Nathaniel H. Flowers, A1C
Kleinelachen Air Base Correspondent
What is my duty? This is a question every man and woman in the military must answer. We are ordered to perform our assigned duties, which are cast in the stone of military protocol. In time of war, those duties are very clear cut, and intended to protect us from the enemy and preserve our nationalistic freedoms. We know and understand these duties, because we have been trained to perform them. We do so with the utmost responsibility and integrity we are capable of. But there are other, higher duties for which we are responsible, not just to the military but to our fellow man, and to God.
What is that duty? It is to think, speak and act.
I think, said the philosopher Sartre, because I am. It is our human nature to think, but often people play a game of abstractions with themselves and with others. We smile proudly, strike forcefully, react seriously. These ego-games continue ad nauseam, until no one cares what we do, and impatiently await their chance to also react. I think we care too much about matters which, in the final analysis, will make little, if any, difference. It is our duty to think about the most important matters so that we forge the new consciousness of the world.
I speak when I have something to say. My words are not always wise, nor always true. I am a finite creature, subject to infinite subtleties and capable of change. To recognize this requires going beyond mere words, mere abstractions, to truths. Truths themselves are subjective and interpretive, mine no more valid than yours. To discuss them is to listen to them, and in that light I will never consider mine more valid than yours. Yet there are universal truths, and it is each person’s duty to know them.

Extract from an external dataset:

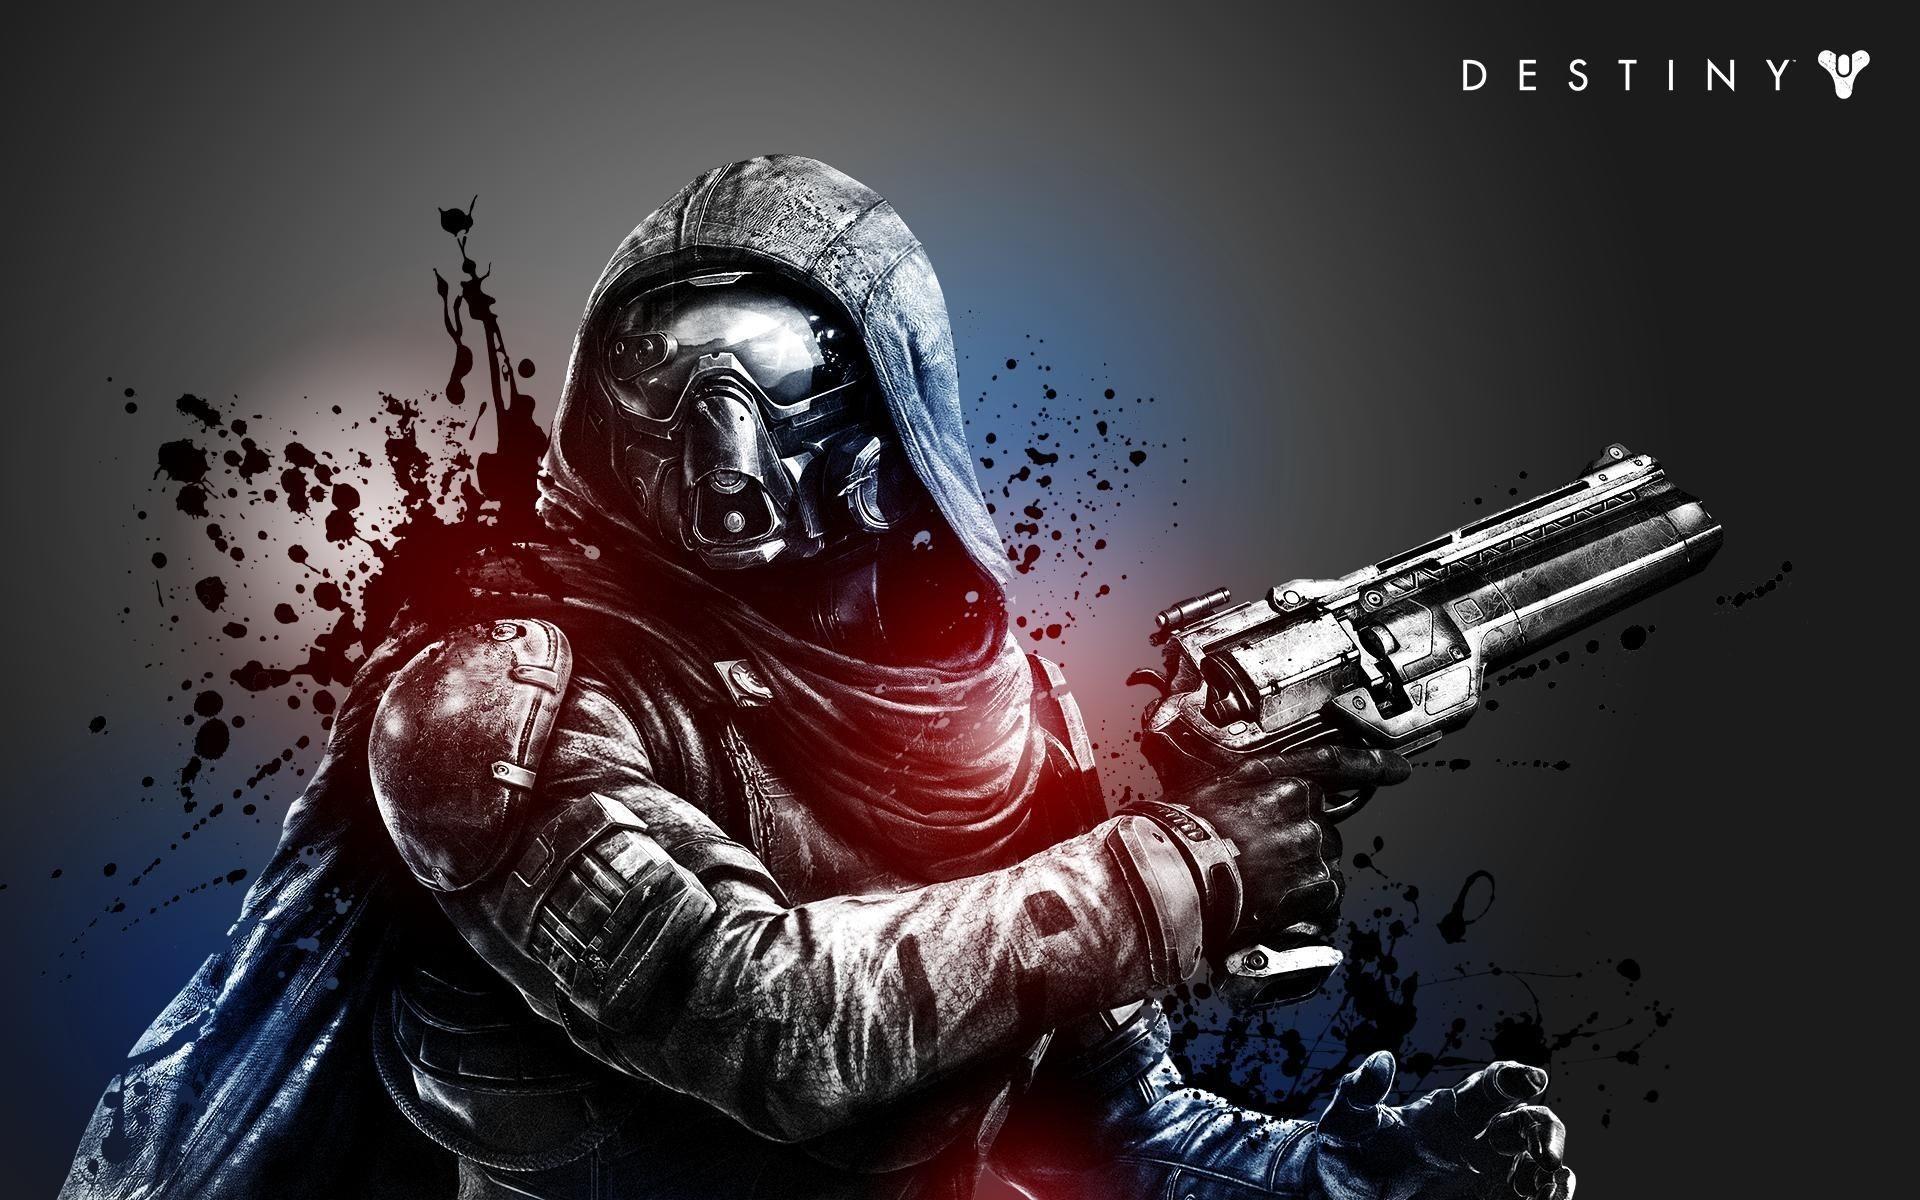 73 Destiny Hunter Wallpapers On Wallpaperplay Destiny Hunter Destiny Wallpaper Hd Destiny Backgrounds

When I act it is after I have thought over my action. In situations involving other people, my thoughts have found voice, and my ears have heard the concepts, thoughts, truths of others. My action, when taken, is deliberate and above reproach. In military life, this is essential in order to perform our duty and to be responsible to our fellow troops. In most cases you will agree with my actions, because they are in both yours and my best interests. But you may find them reprehensible at other times, and if so you must respect that I have thought carefully before acting. But upon the point of acting I am fulfilling my deepest duty, and in that I shall not be shaken.